L'état du livre, de la lecture et de l'alphabétisation ainsi campé, les participants au séminaire, pour un aperçu plus clair des attentes, ont bénéficié de la présentation des deux meilleurs concepts de promotion de la lecture retenus en Côte d' Ivoire. Ainsi Patricia Bouazo a séduit avec  «Abili» (amusons-nous, en langue Bété, dialecte parlée dans le centre-ouest de la Côte d'Ivoire). Un jeu de cartes  à travers duquel, sa conceptrice veut avec l'alphabet et les syllabes apprendre les mots à toutes les tranches d'âge en toutes les langues du monde.Les amoureux du livre et de la lecture ont aussi suivi avec intérêt, le concept « Lectureball » de David Nguessan Djoko. Pour qui,  amener un enfant à lire, veut dire « associer subtilement, le jeu à la lecture ». D'où un concours de tirs au but entre deux équipes d'enfants en apprentissage pour remporter un paragraphe d'une histoire à lire pour chaque but marqué.

Femme-Petite enfance

Le séminaire, s'est poursuivi avec la formation de groupes de travail pour réfléchir de façon ciblée sur la promotion de la lecture chez les enfants scolarisés  et chez les femmes et la petite enfance.  Des travaux qui n'ont pas été vaines, car ils ont permis aux épris du livre et de la lecture de faire comprendre que « la lecture met en ébullition, dissipe la sécheresse, active les facultés, déchrysalide l'intelligence et met en liberté l'imagination » comme le disait Antoine Albalat dans son ouvrage « L'art d'écrire: enseigné en vingt leçons ». Donc pour le groupe de travail sur la promotion de la lecture chez la mère et la petite enfance, « la femme doit d'abord lire pour elle-même ».

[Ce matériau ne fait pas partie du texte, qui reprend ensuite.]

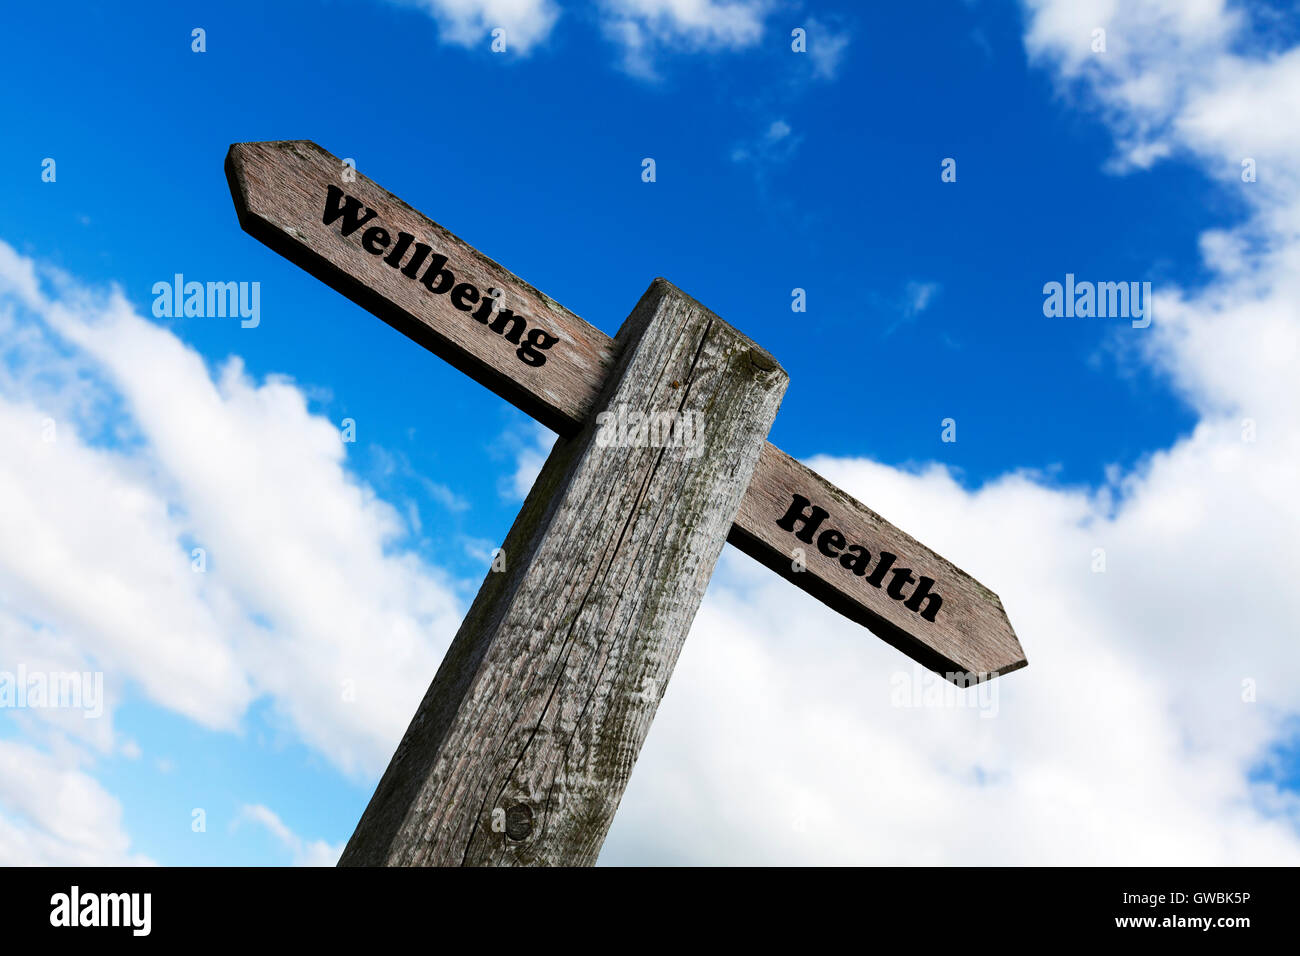 Santé Bien-être en bonne santé mentale Santé mentale direction signe mots sens choix options Photo Stock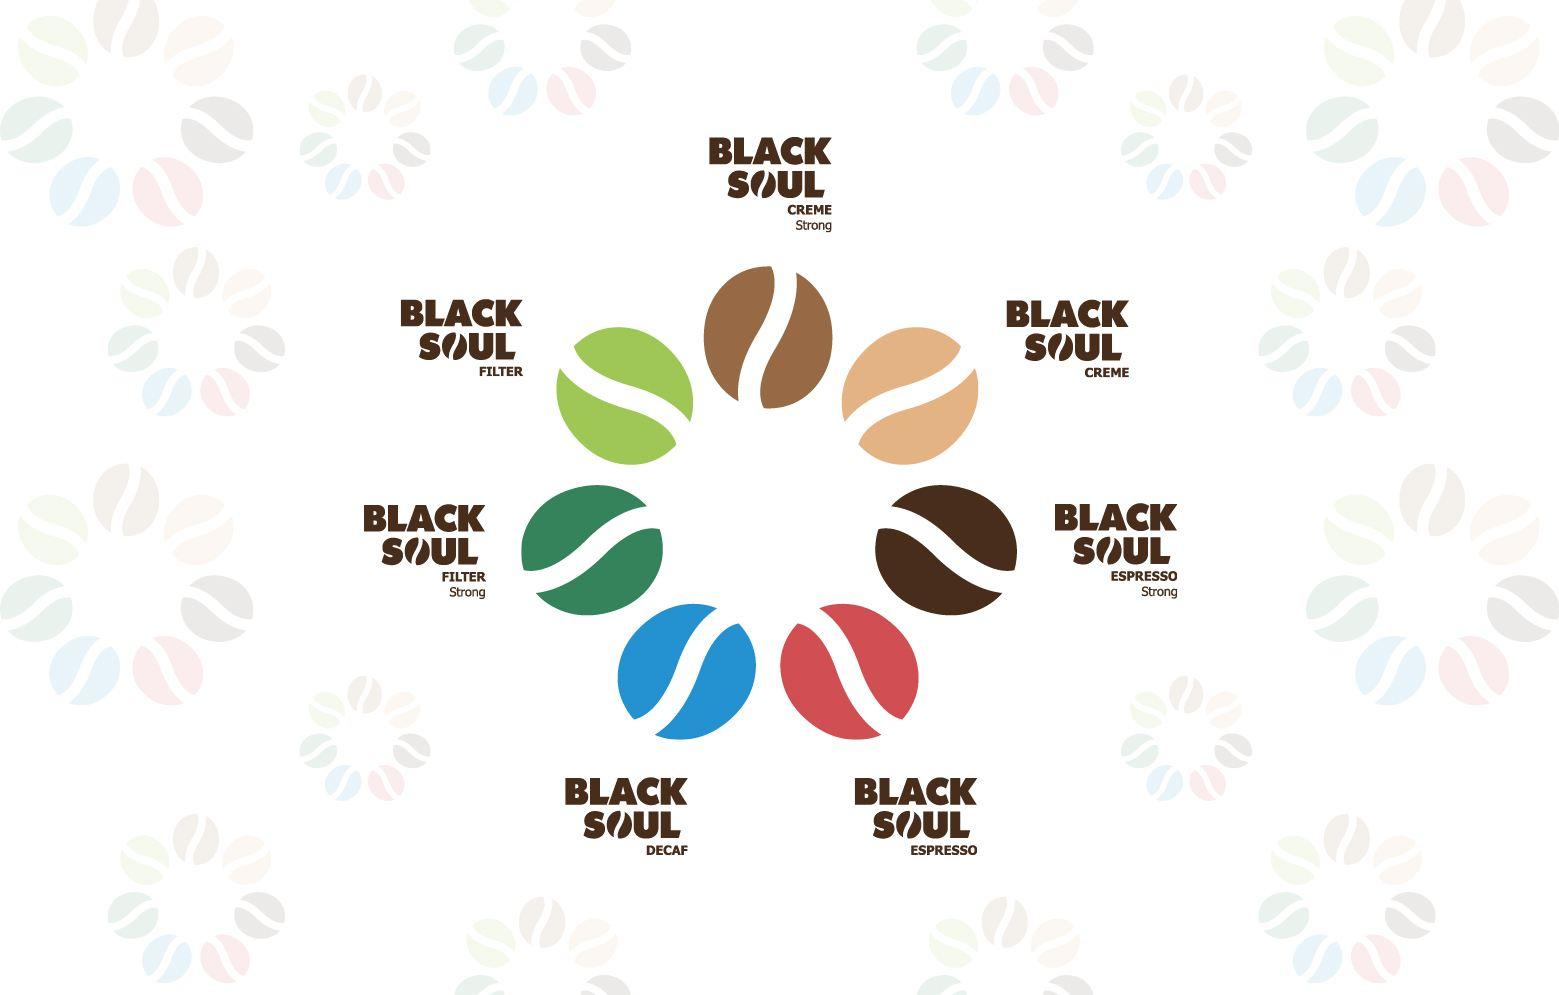 Bonensortiment als Blume angeortnet von der Kaffeemarke Black Soul

Pour ce, il faudra, la sensibiliser afin d'assoir en elle le goût de la lecture à travers des livres appropriés qui lui seront proposés. Alors  l'écrivain Mame Younousse Dieng et Souleymane Ly de la Direction de l'Alphabétisation et des Langues Nationales suggèrent des ouvrages aux contenus adaptés aux spécificités de chaque localité et aux besoins des femmes exerçant des activités génératrices de revenus et investies dans des groupements féminins, et curieuses de résoudre les problèmes de santé, d'environnement, etc. Afin qu'à leurs tours, par la lecture, elles suscitent la curiosité chez les tout-petits. 

Et les travaux du séminaire font comprendre que chez ces derniers, le désir de découverte peut être éveillé par le toucher, la manipulation, la contemplation des images et la fascination des couleurs. La petite enfance a besoin selon le compte rendu de leurs travaux, de textes amusants tels que des contes, des fables, des devinettes, des comptines, des berceuses, etc. Mais il est important, souligne les séminaristes, que l'éveil à la lecture se fasse « dans la langue maternelle de l'enfant ».  Parce que, dès 3 ans, convint le groupe de travail, « l'enfant sait déjà les rudiments de sa culture et de sa langue ». D'où la décision d'implanter le projet, dans « les localités où les femmes sont déjà alphabétisées ».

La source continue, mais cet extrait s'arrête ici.